Again, this runs all dbt models in the /transform/models/tap_gitlab/ directory.

The downside of running directly vs in a pipeline is that Meltano can’t infer anything about how dbt should run so more settings might need to be explictly set by the user. This includes target dialet DBT_TARGET, source schema DBT_SOURCE_SCHEMA, target schema DBT_TARGET_SCHEMA, and models DBT_MODELS.

See the transformer docs from other dbt commands.

Adding a Transform to your Meltano Project #

Once the dbt transformer has been installed in your Meltano project you will see the /transform directory populated with dbt artifacts. If you chose to use the --transform run option in an ELT pipeline, its important to note that Meltano uses the convention that the transform has the same namespace as the extractor in its pipeline, except with snake_case (tap-gitlab -> tap_gitlab). For instance, all you need to do is start writing your dbt models in the appropriate /transform/models/<tap_name>/ directory.

See the dbt documentation for more details on writing models.

Another common option is to install your dbt project as a package from a separate git repository. See dbt package management.

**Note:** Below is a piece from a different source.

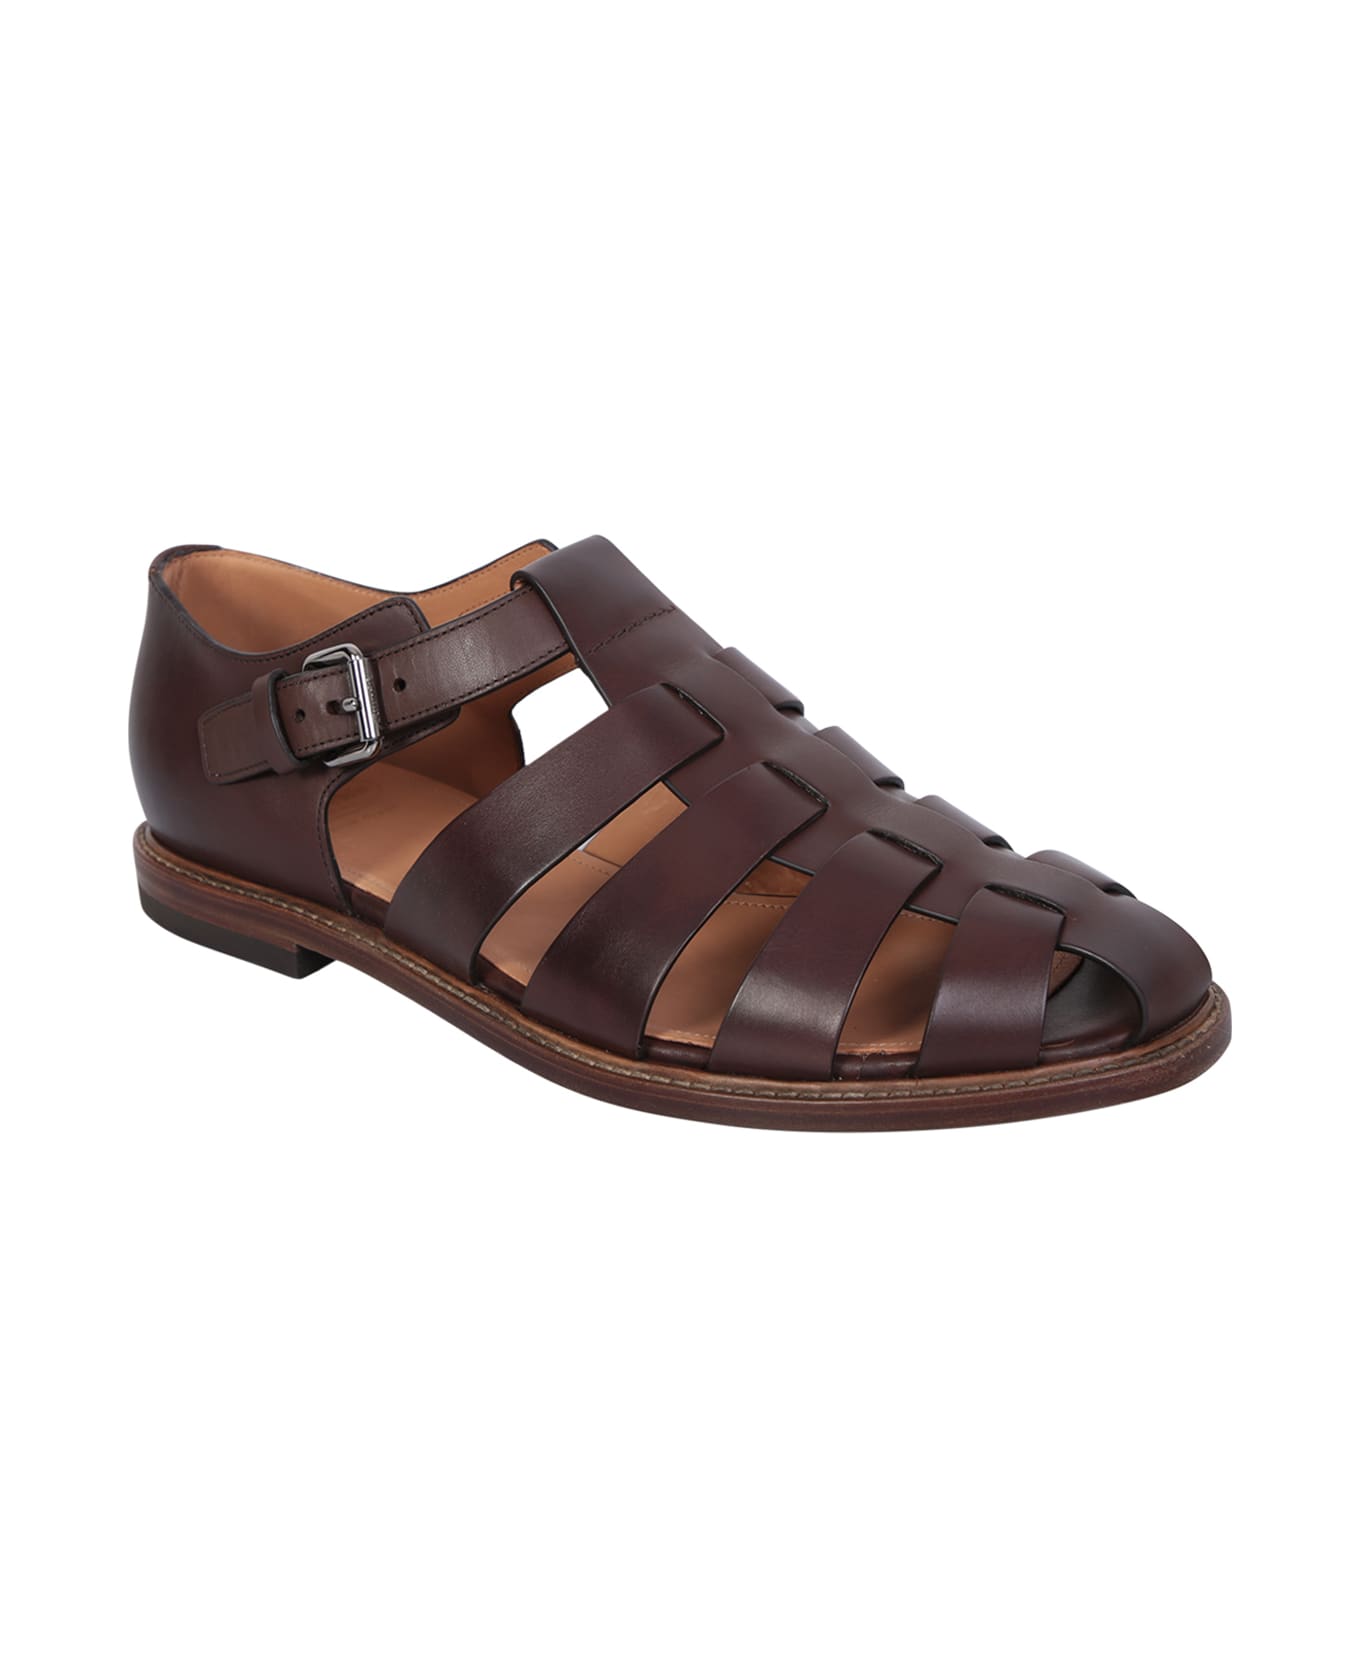 Church's Brown Fisherman Sandals - Brown その他各種シューズ

To do this you just add a /transform/packages.yml file to your project with your dbt project referenced. For instance your yaml file might look like this:

packages:
  - git: https://gitlab.com/your_repo/your-dbt-project.git
    revision: 1.0.0

If you plan to call dbt directly using invoke then you have to first run meltano invoke dbt:deps to install your package dependencies. Using the --transform=run option in your pipeline takes care of this step for you automatically.